Don't include any picture when you restate the data word for word.

DATASET SECTION »
↓↓↓

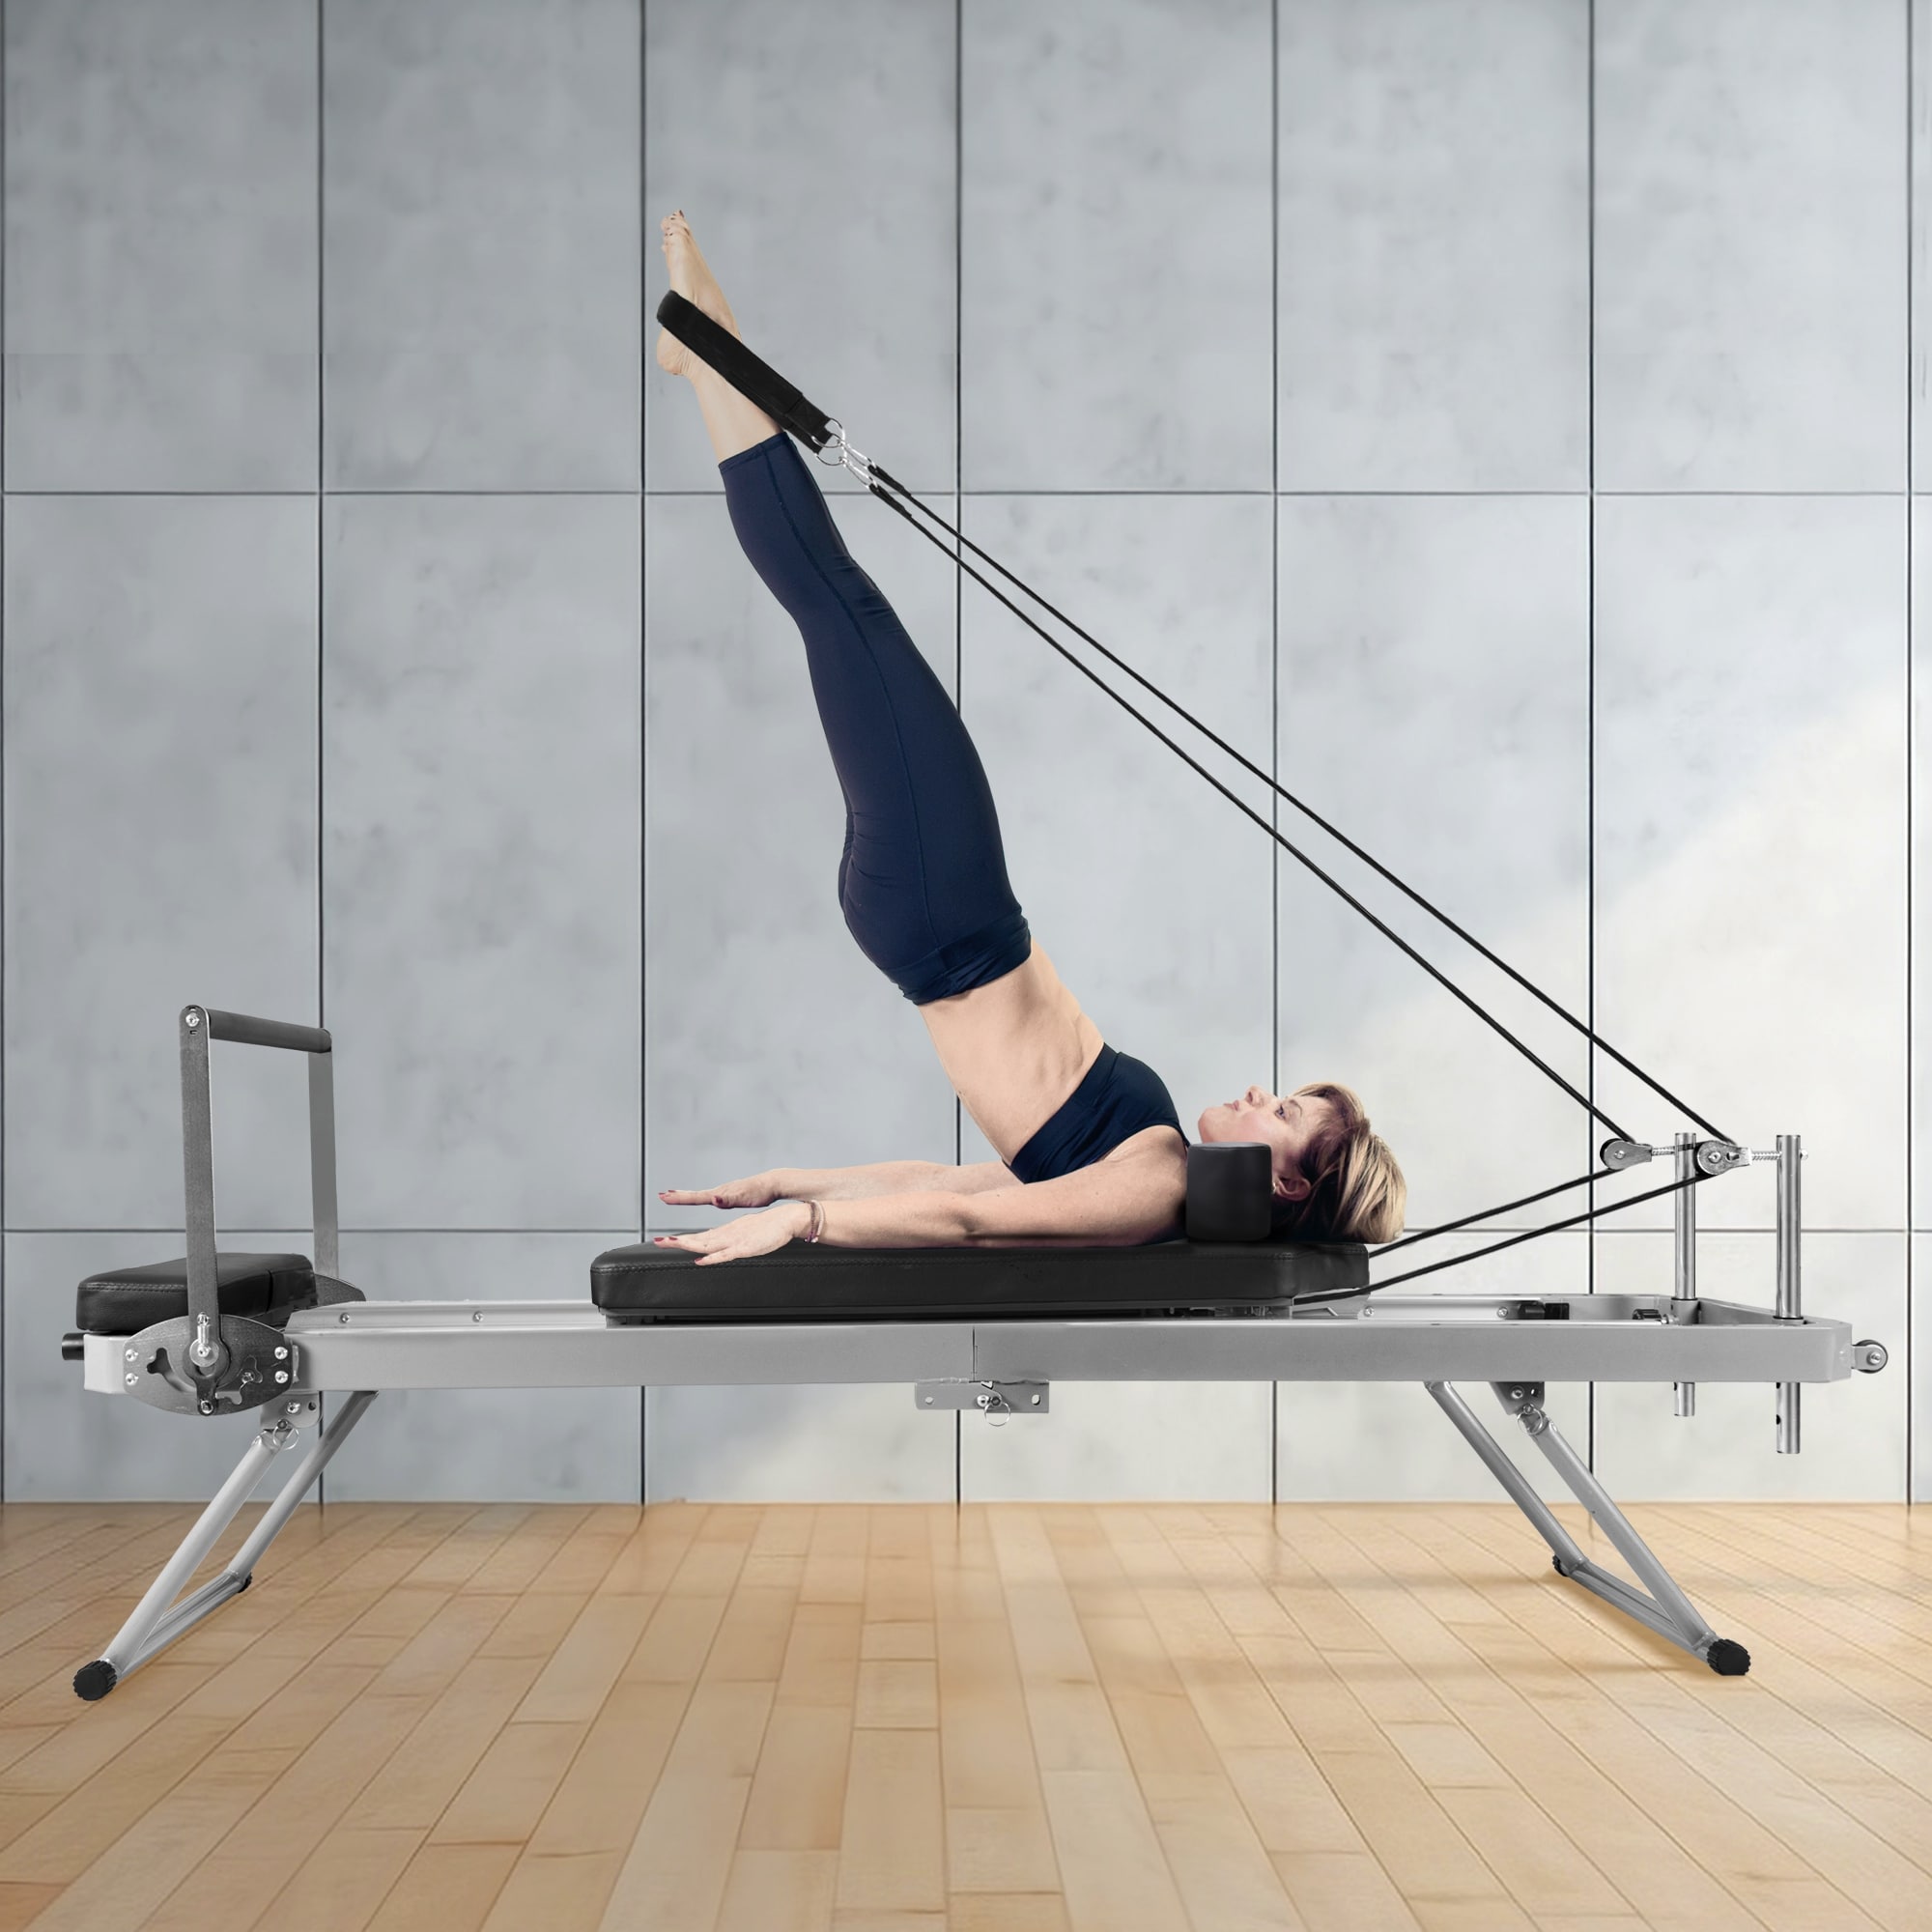 ZENOVA Pilates Reformer，Foldable Pilates Reformer Machine for Home and Gym  Use to Balanced Body - On Sale - Bed Bath & Beyond - 39134582
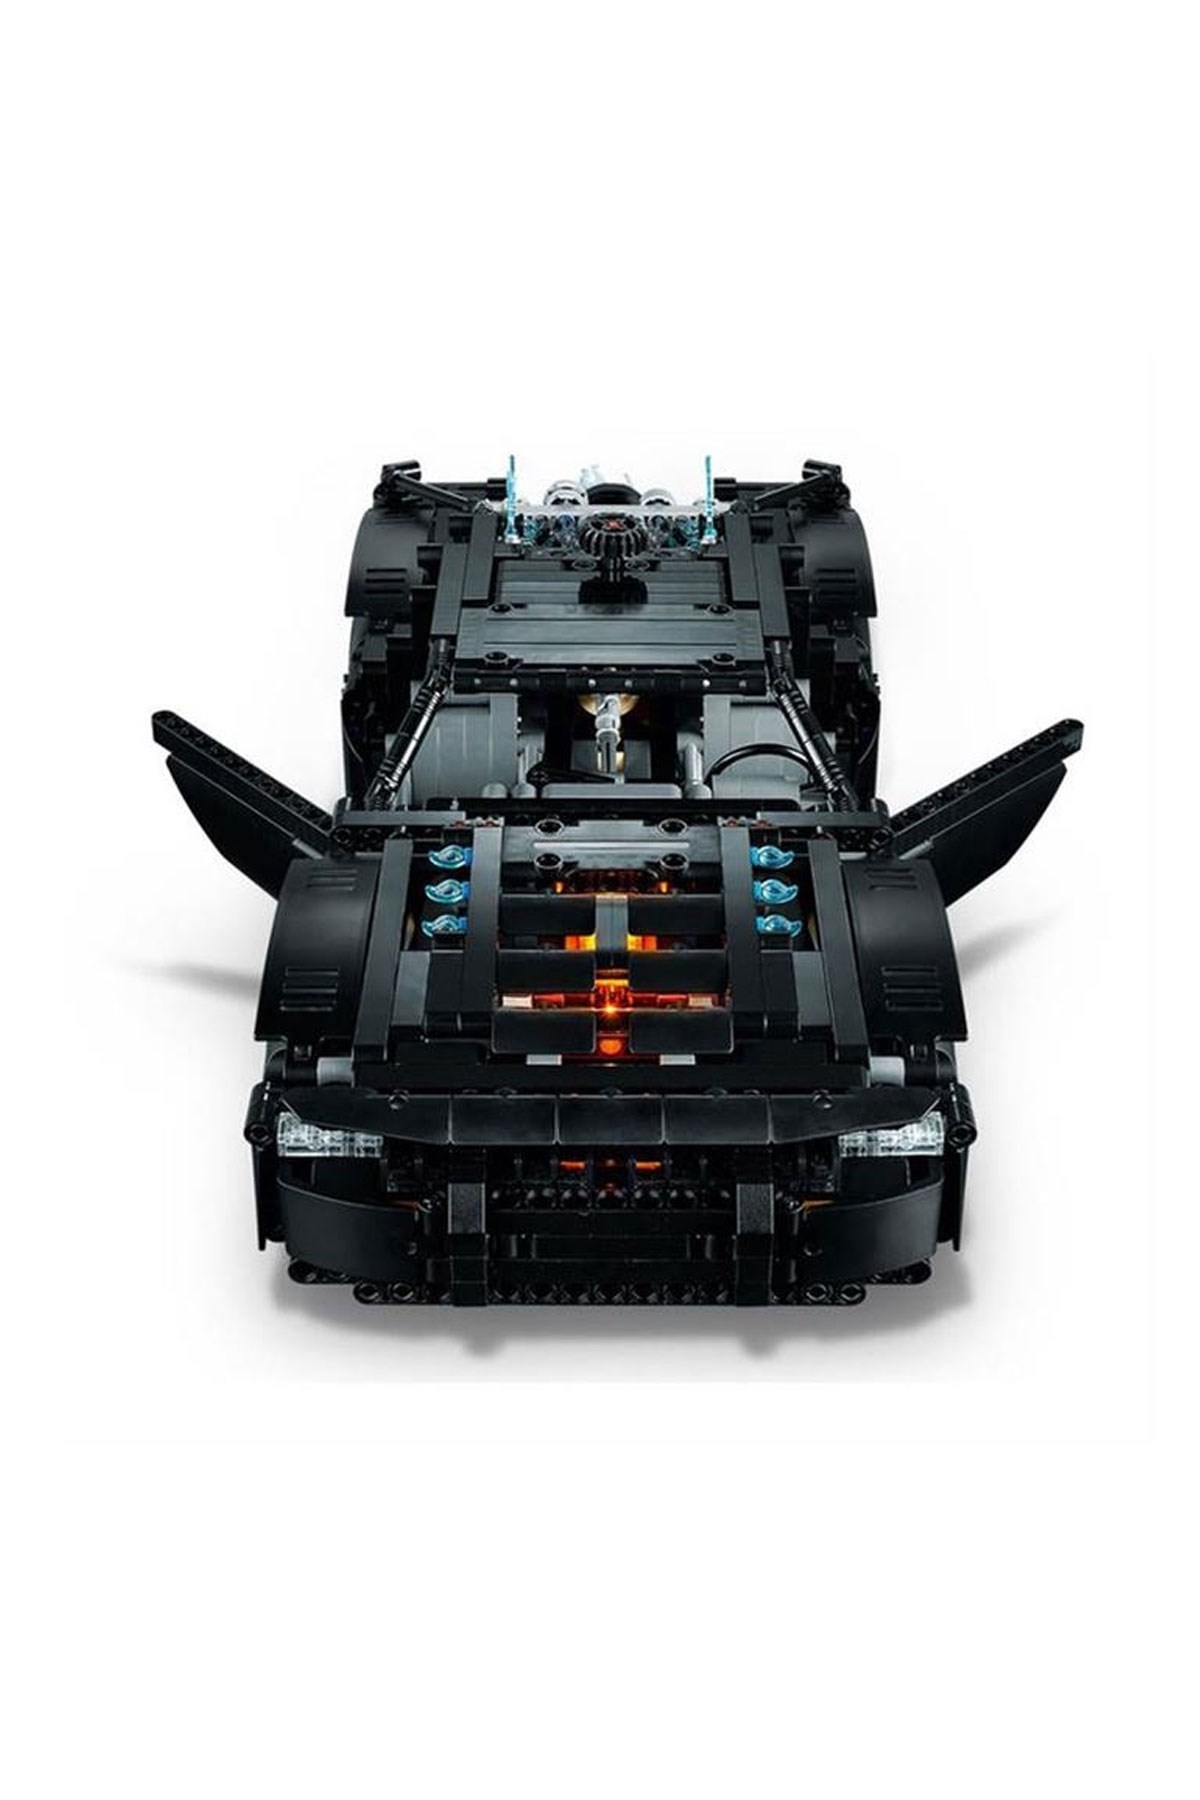 Lego Technic Batman Batmobile
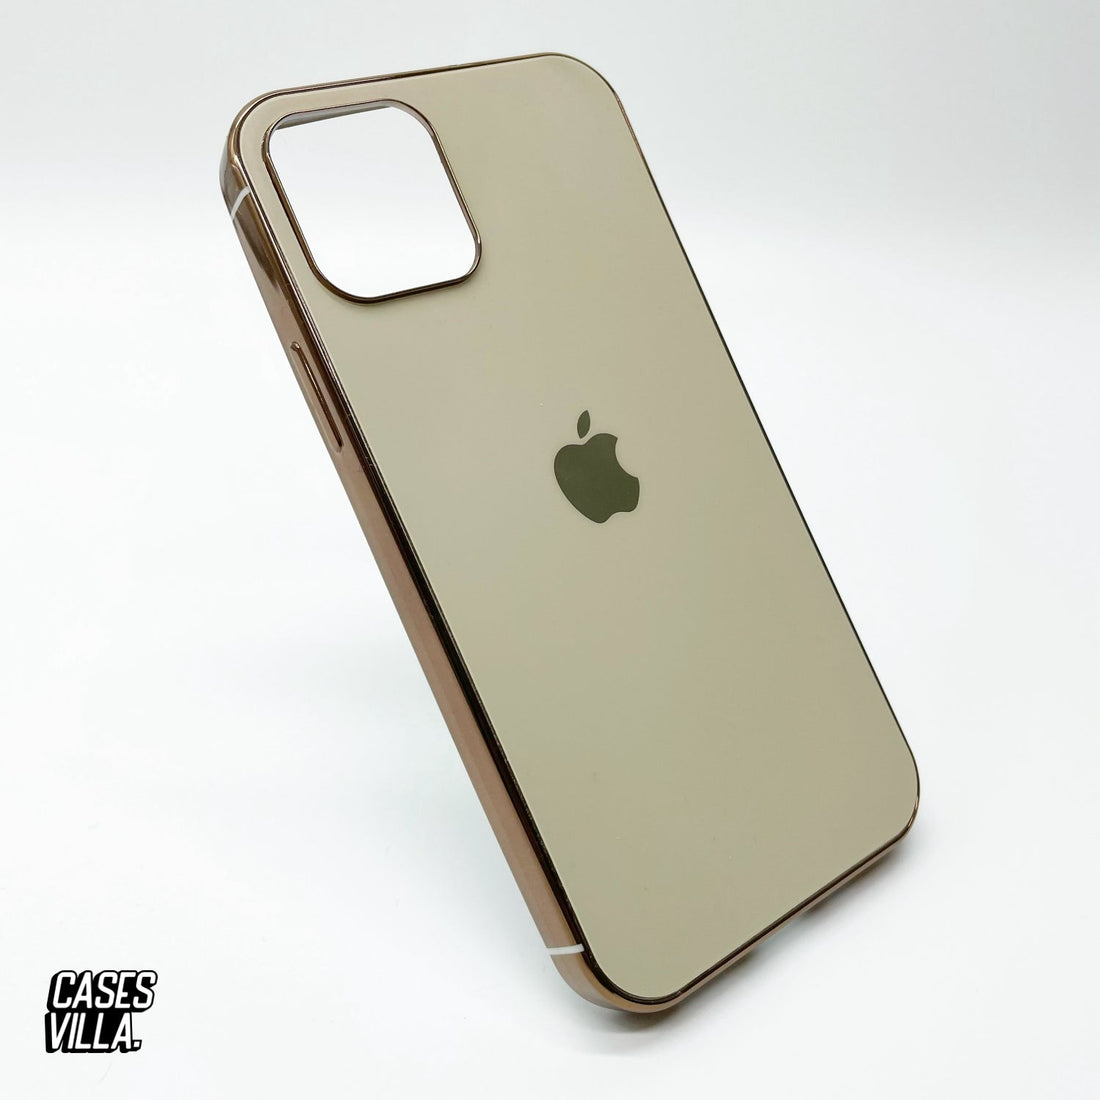 iPhone 12 Mini - MyCase Glass Finish Chrome Border Soft Case Cover
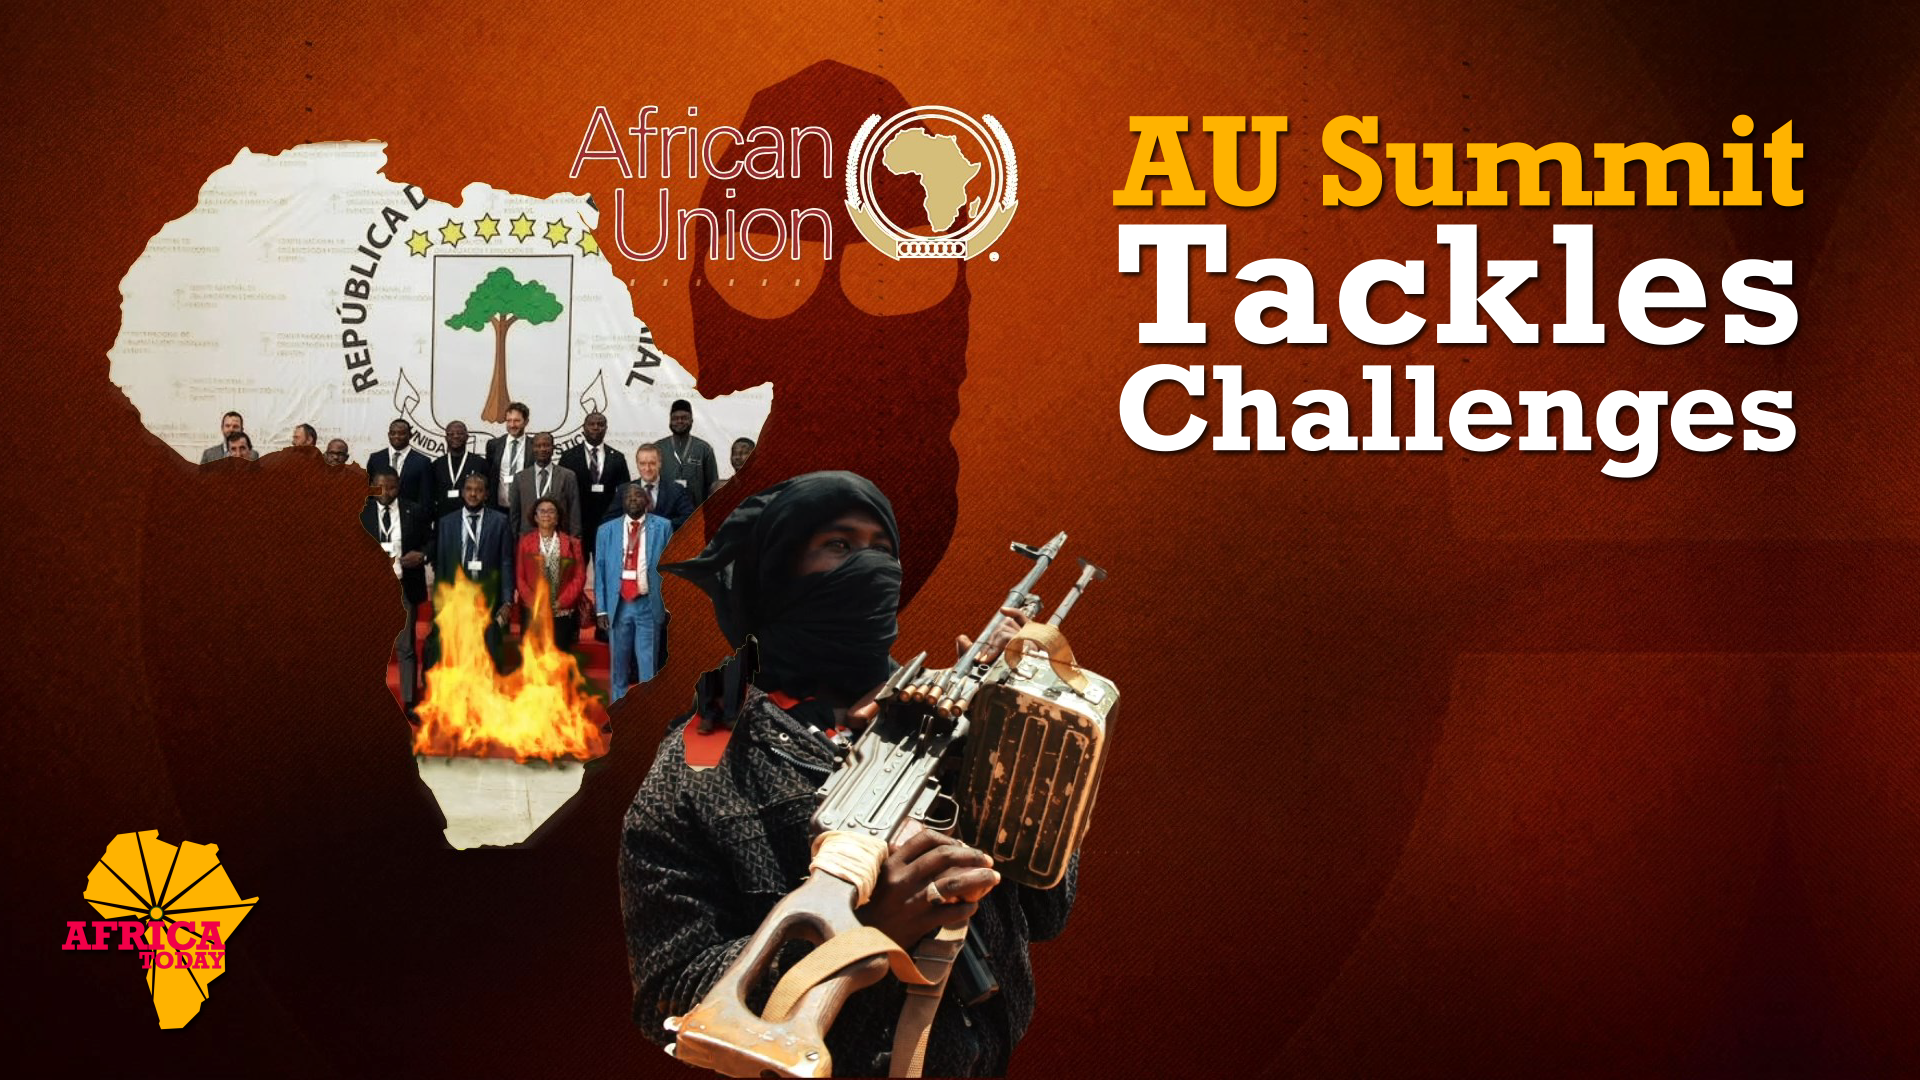 AU Summit tackles challenges

↑↑↑

SOLUTION »
 ZENOVA Pilates Reformer，Foldable Pilates Reformer Machine for Home and Gym  Use to Balanced Body - On Sale - Bed Bath & Beyond - 39134582
 Lego Technic Batman Batmobile
 iPhone 12 Mini - MyCase Glass Finish Chrome Border Soft Case Cover
 AU Summit tackles challenges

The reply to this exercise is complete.